What We've Been Reading

This is what's caught our eye over the past 24 hours. 

And finally, here's what Eddie is interested in this morning

OPEC+ has stepped up to do exactly what cartels do, protecting prices with a surprise production cut. The implications for oil prices are probably far greater than for inflation, and by extension, shouldn't be read as a turning point for rates. Nor is it a definitive recessionary signal of demand slowing in the wake of bank failures.

The organization announced a cut of more than one million barrels a day, abandoning previous assurances that it would hold supply steady. Describing this as either a shock or a risk to global growth seems a stretch. Consensus for oil prices rises as the year progresses -- particularly on China demand -- was the base case anyway.

The median Brent forecast among oil watchers was for the price to climb to $90 a barrel in the fourth quarter and our Macro View column at the start of the year argued that any temporary price weakness would lead to production cuts.

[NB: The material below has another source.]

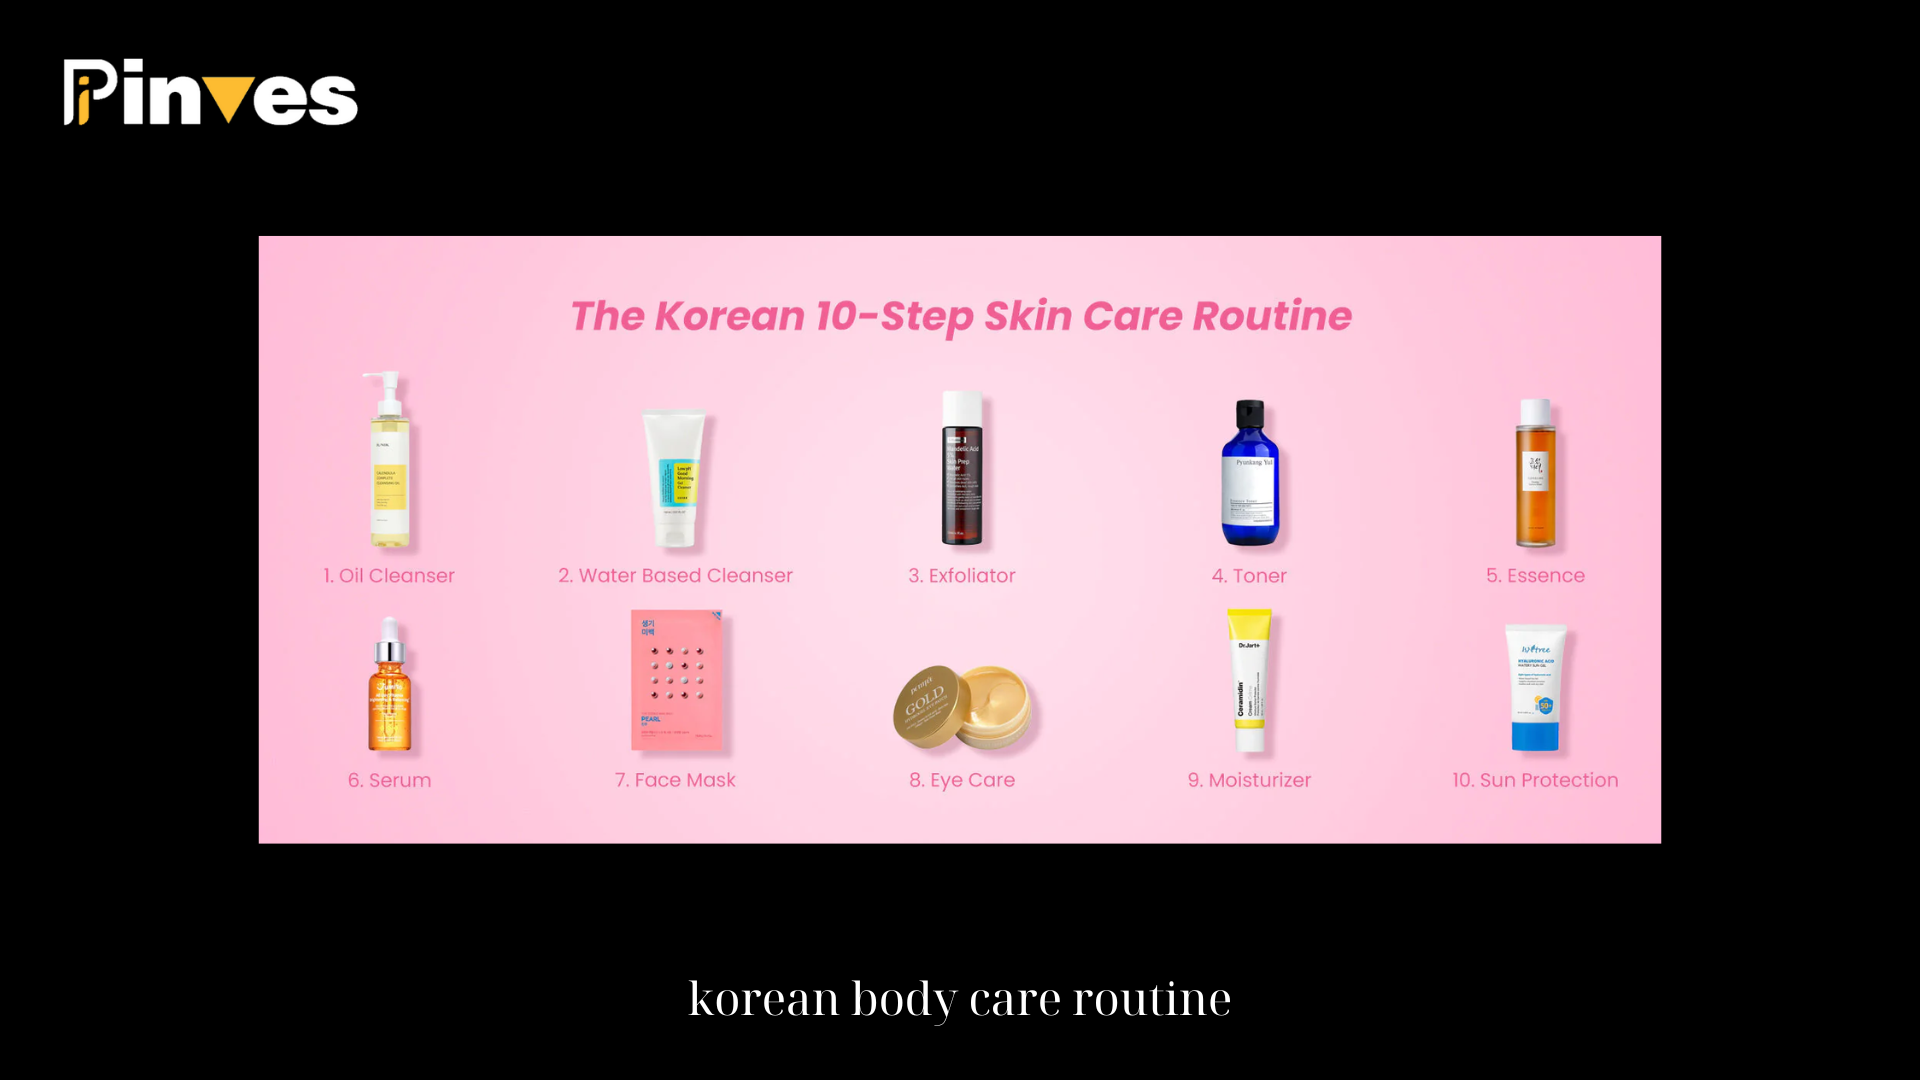 Korean body care routine

More to the point, recent signs were that supply remained relatively tight -- with Brent remaining in backwardation and Goldman Sachs global head of commodities Jeff Currie arguing investors should buy the dip on Friday.

The point is that a recovery in oil prices was already widely expected. As such, the knock-on implications for inflation and rates should be limited, beyond short-term reactions. And the recent price action that prompted the intervention was more a reflection of macro traders getting nervous on US growth than it was of weakening demand.